Cathy M. you left a comment for a RAK yesterday, but I have no way of getting hold of you. Email me your address, and I'll get your card out right away. Just click "Email Me" -----------> over there, under my picture. If I don't hear from you today, I'll choose another commenter. Thanks.
And now, on to your regularly scheduled Friday Funny:
These are from a book called Disorder in the American Courts, and are
things people actually said in court, word for word, taken down and
now published by court reporters who had the torment of staying calm
while these exchanges were actually taking place.
ATTORNEY: Are you sexually active?
WITNESS: No, I just lie there.
______________________________________
ATTORNEY: What gear were you in at the moment of the impact?
WITNESS: Gucci sweats and Reeboks.
______________________________________
ATTORNEY: This myasthenia gravis, does it affect your memory at all?
WITNESS: Yes.
ATTORNEY: And in what ways does it affect your memory?
WITNESS: I forget.
ATTORNEY: You forget? Can you give us an example of something you forgot?
_______________________________________
ATTORNEY: What was the first thing your husband said to you that morning?
WITNESS: He said, 'Where am I, Cathy?'
ATTORNEY: And why did that upset you?
WITNESS: My name is Susan!
_______________________________________
ATTORNEY: Do you know if your daughter has ever been involved in voodoo?
WITNESS: We both do.
ATTORNEY: Voodoo?
WITNESS: We do.
ATTORNEY: You do?
WITNESS: Yes, voodoo.
_______________________________________
ATTORNEY: Now doctor, isn't it true that when a person dies in his
sleep, he doesn't know about it until the next morning?
WITNESS: Did you actually pass the bar exam?
_______________________________________
ATTORNEY: The youngest son, the twenty-year-old, how old is he?
WITNESS: Uh, he's twenty-one.
________________________________________
ATTORNEY: Were you present when your picture was taken?

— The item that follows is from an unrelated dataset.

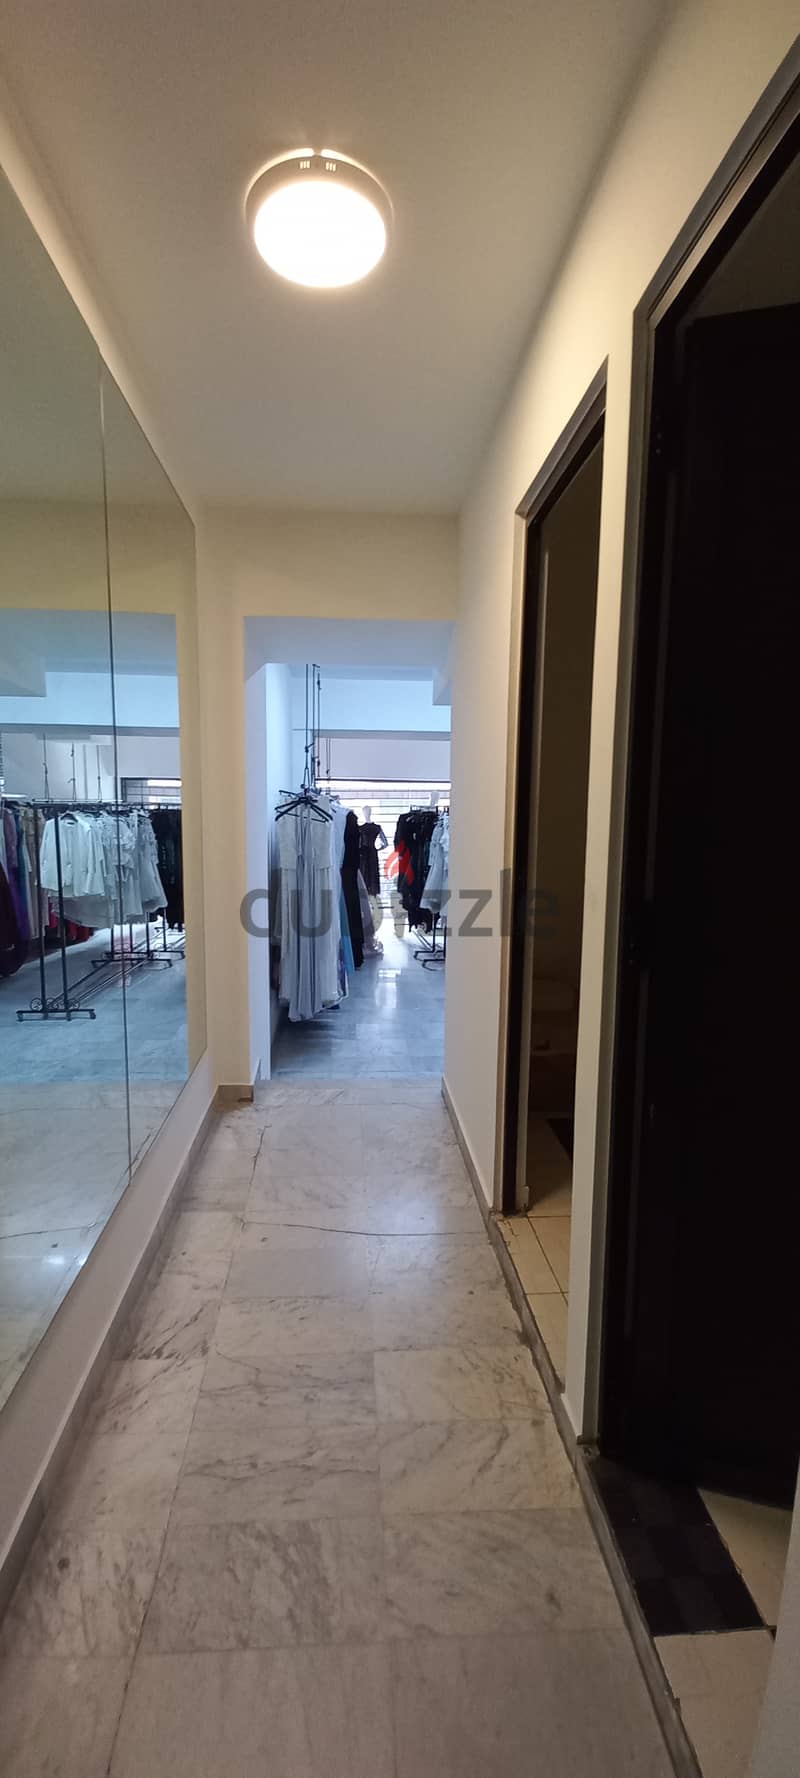 Triplex Shop in Zalka souk for saleمحل تريبلكس وسوق الزلقا للبيع 13

WITNESS: Are you shitt'in me?
________________________________________
ATTORNEY: So the date of conception (of the baby) was August 8th?
WITNESS: Yes.
ATTORNEY: And what were you doing at that time?
WITNESS: Uh.... I was gett'in laid!
________________________________________
ATTORNEY: She had three children, right?
WITNESS: Yes.
ATTORNEY: How many were boys?
WITNESS: None.
ATTORNEY: Were there any girls?
WITNESS: Are you shittin me? Your Honor, I think I need a different
attorney. Can I get a new attorney?
_________________________________________
ATTORNEY: How was your first marriage terminated?
WITNESS: By death.
ATTORNEY: And by whose death was it terminated?
WITNESS: Now whose death do you suppose terminated it?
_________________________________________
ATTORNEY: Can you describe the individual?
WITNESS: He was about medium height and had a beard.
ATTORNEY: Was this a male or a female?
WITNESS: Guess.
_________________________________________
ATTORNEY: Is your appearance here this morning pursuant to a
deposition notice which I sent to your attorney?
WITNESS: No, this is how I dress when I go to work.
_________________________________________
ATTORNEY: Doctor, how many of your autopsies have you performed on dead
people?
WITNESS: All my autopsies are performed on dead people. Would you
like to rephrase that?
_________________________________________
ATTORNEY: ALL your responses MUST be oral, OK? What school did you go to?
WITNESS: Oral.
_________________________________________
ATTORNEY: Do you recall the time that you examined the body?
WITNESS: The autopsy started around 8:30 p.m.
ATTORNEY: And Mr. Denton was dead at the time?
WITNESS: No, he was sitting on the table wondering why I was doing an
autopsy on him!
__________________________________________
ATTORNEY: Are you qualified to give a urine sample?
WITNESS: Huh....are you qualified to ask that question?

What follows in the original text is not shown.